DETAILED DESCRIPTION OF THE INVENTION

[0001]

The present invention relates to a method for drying a metal powder (wet powder) obtained by a water atomizing method or a wet powder such as a metal powder after surface treatment such as chemical treatment and plating. It concerns the device.

[0002]

2. Description of the Related Art A rapidly solidified metal powder has a fine crystal grain and can contain an alloy element in a supersaturated state. For example, an extruded material or a sintered material formed by rapidly solidified metal powder of aluminum or an alloy thereof is It has excellent material properties that are not provided by ingots, and is attracting attention as a material for machine parts and the like.

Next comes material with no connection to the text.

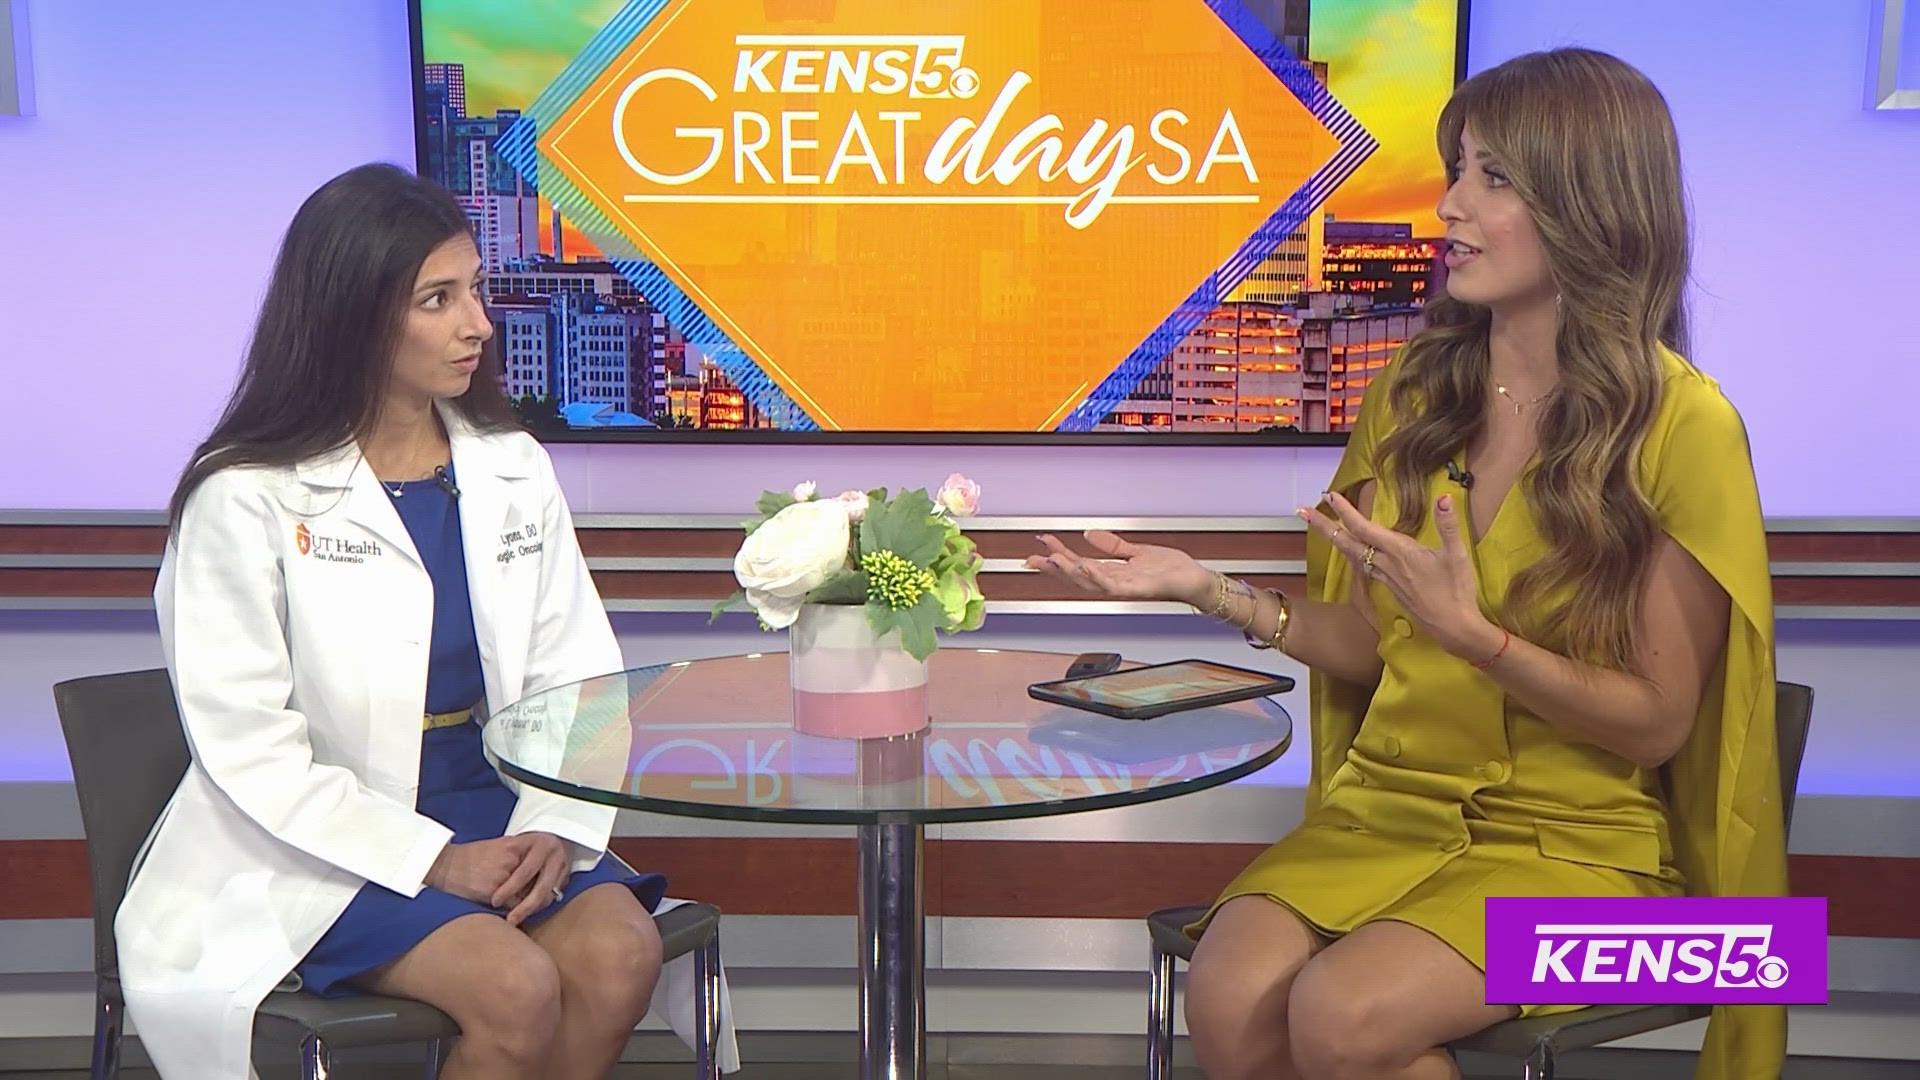 Gynecologic Oncologist Dr. Yasmin Lyons with UT Health San Antonio discusses how women can become more aware of Ovarian Cancer.
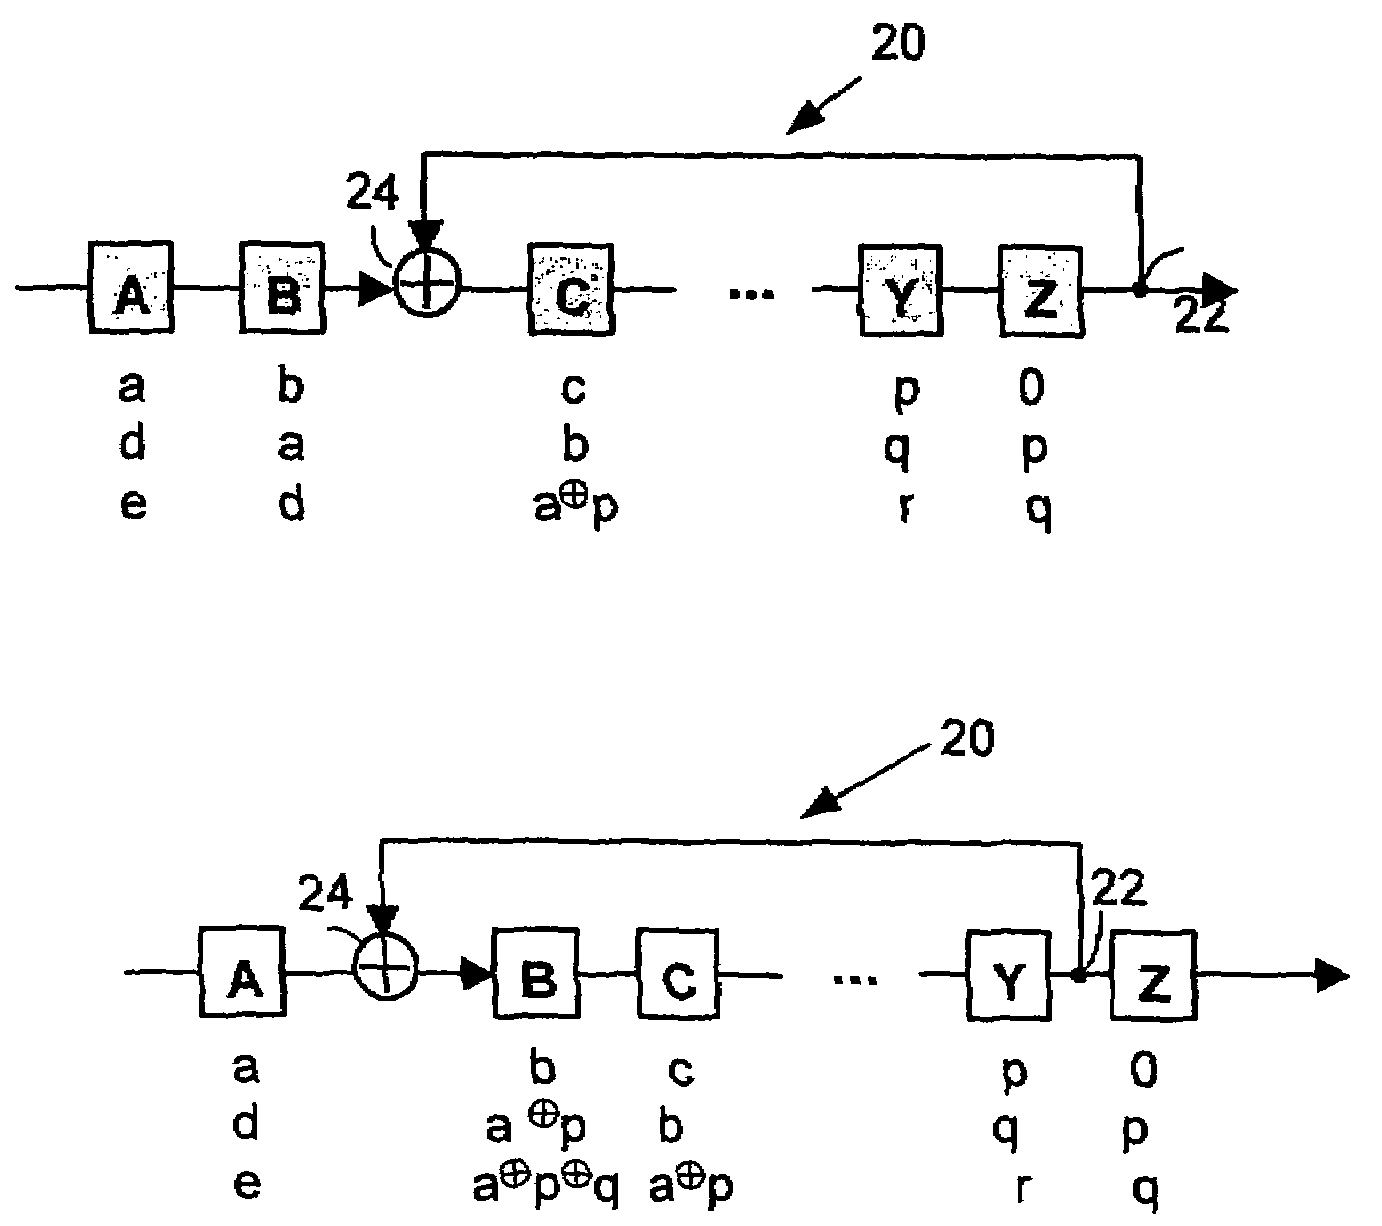 Method for synthesizing linear finite state machines

As a preferred method for producing the above-mentioned rapidly solidified metal powder, Japanese Patent Publication No. 7-103407 and Japanese Patent No. 2719074 are used.
Atomization method disclosed in U.S. Pat.
787,935, 4,869,469 and the like, and a gas atomizing method. Metal powder obtained by the water atomization method or metal powder that has been subjected to surface treatment such as fluorine treatment or plating is a wet powder having a liquid (water) adhered to its surface. To dry.

Heretofore, as disclosed in Japanese Patent Publication No. 7-103407 and the like, methods and apparatuses such as hot air stream drying, fluidized bed drying, and heat transfer drying have been adopted as the drying method and apparatus. .

[0005]

The drying method using an air stream requires large-scale equipment such as a heater and a blower for generating hot air, which involves problems of equipment cost and noise, and has a problem of oxidizing the surface of the metal powder. It is not economical because a large amount of inert gas for prevention is used. Also,
In the case of metal powder or the like, there is a problem that kinetic energy of the powder given by the air flow causes wear of the equipment, and this wear powder is mixed.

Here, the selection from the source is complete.